1.2 实验药物 奥拉西坦胶囊(商品名为欧来宁，国药准字：H20031033，批号：059190102，石药集团欧意药业有限公司生产，每粒0.4 g)。中药恒清Ⅰ号方的药物组方：益智仁30 g，菟丝子15 g，川芎15 g，石菖蒲20 g，熟地黄15 g，杜仲15 g，地龙10 g，郁金15 g，天麻10 g，钩藤10 g。中药材均由上海市第六人民医院提供，符合2015年版《中国药典》要求。按处方比例称取药材，加10倍量水浸泡0.5 h，煎煮3次，每次40 min，过滤，合并3次滤液，37 ℃水浴加热浓缩，根据临床实际用药情况，对药液进行浓缩处理，并以中质量浓度匹配临床实际用药浓度。中质量浓度浓缩至0.535 g/mL，置于4 ℃冰箱贮存备用。

1.3 实验仪器 Morris水迷宫型号：JLBehv-MWMG-1，上海吉量软件科技有限公司生产。Morris水迷宫主要用于测试实验动物(大鼠、小鼠)空间位置觉和方向觉的学习及记忆能力[5]，包含一个黑色池内壁的泳池、图像采集系统和软件分析系统。

1.4 实验方法

1.4.1 动物分组 适应性饲养1周后将36只SD大鼠随机分为假手术组、模型组、奥拉西坦组和恒清Ⅰ号方组，各9只。

1.4.2 模型制备 参照文献[6]以双侧颈总动脉结扎术制备VD模型。所有大鼠术前12 h禁食、4 h禁水，先称重，以2%戊巴比妥钠(50 mg/kg)腹腔注射充分麻醉后，采用仰卧位固定大鼠，颈前区去毛，碘伏消毒，颈正中切口处纵向切开皮肤和皮下组织，颈部肌肉进行钝性分离，使双侧颈总动脉鞘游离，分离颈总动脉、迷走神经等，充分显露双侧颈总动脉。模型组、奥拉西坦组及恒清Ⅰ号方组大鼠均以4-0号缝线双重结扎颈总动脉，再以0号缝线对皮肤进行缝合，最后碘伏进行消毒。假手术组大鼠均按上述方式麻醉、消毒，在颈正中行纵形切口，双侧颈总动脉钝性分离后，即缝合手术切口；同时白炽灯照射大鼠，使其肛温维持在37 ℃左右，苏醒后，放回鼠笼继续饲养。

1.4.3 药物干预 造模7 d后，奥拉西坦组给予奥拉西坦溶液(奥拉西坦胶囊加入生理盐水中配制而成)灌胃，每日2次。恒清Ⅰ号方组给予恒清Ⅰ号方灌胃，每日2次；奥拉西坦溶液或恒清Ⅰ号方给药浓度，根据人和动物体表面积折算系数换算[7]，计算结果为14.8 g/kg。

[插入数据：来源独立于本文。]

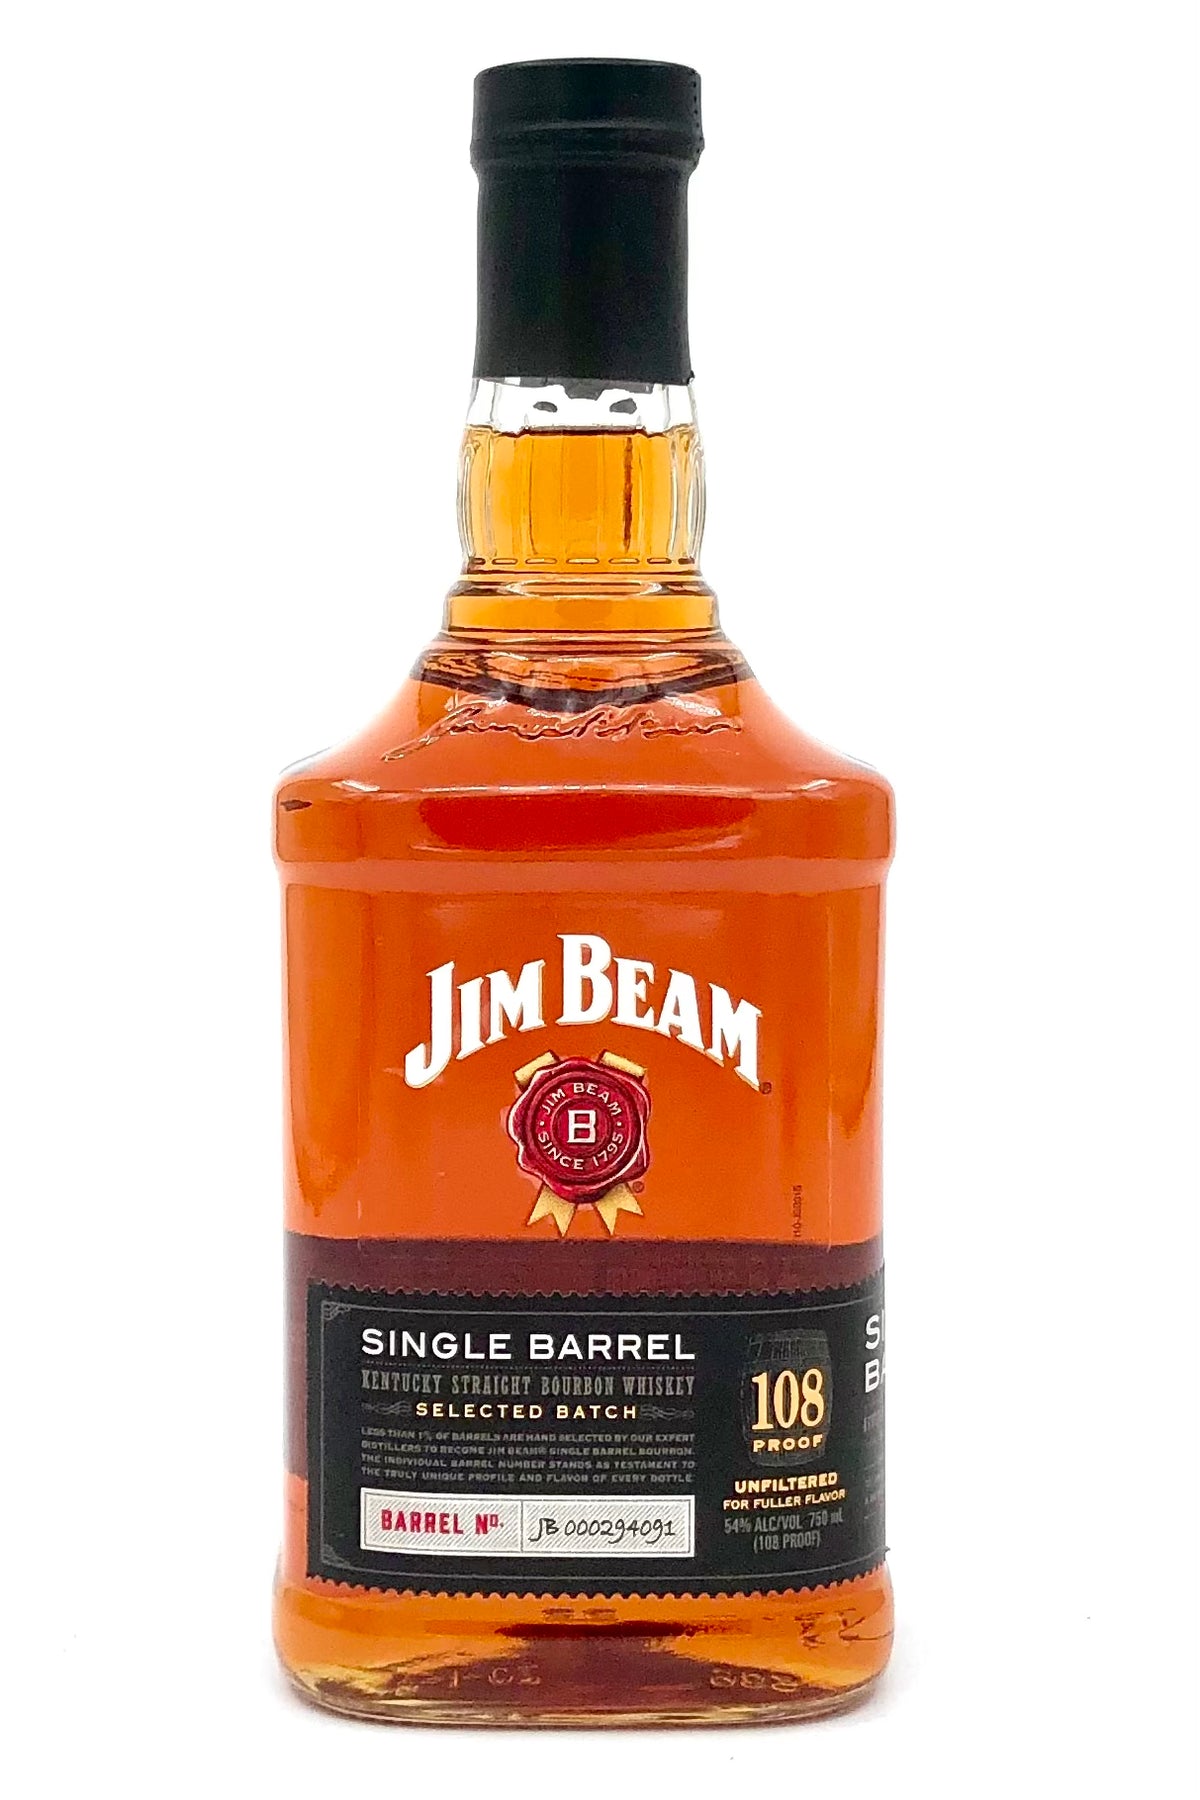 Jim Beam Single Barrel Bourbon Whiskey 108 Proof

假手术组和模型组给予等体积生理盐水灌胃，每日2次。

1.4.4 Morris水迷宫测试大鼠空间学习记忆能力 干预4周、8周后，分别进行Morris水迷宫实验，测试大鼠空间学习和记忆能力。Morris水迷宫行为学测试包括定位航行实验和空间探索实验。

1.4.4.1 定位航行实验(测试大鼠空间学习能力) 随机选择一个象限的池壁中点作为入水点，将大鼠面向池壁轻轻放入水中，Morris水迷宫软件程序记录大鼠从入水到成功爬上水下平台所需的时间，即逃避潜伏期(escape latency，EL)。若经过120 s后大鼠未找到平台，则人为引大鼠至平台休息30 s；否则EL为120 s。测试结束后，不管大鼠是否爬上平台，均应保持大鼠在平台上停留学习30 s，且相邻象限时间间隔不少于15 min。每只大鼠均测试4次，取平均值作为最终测试结果。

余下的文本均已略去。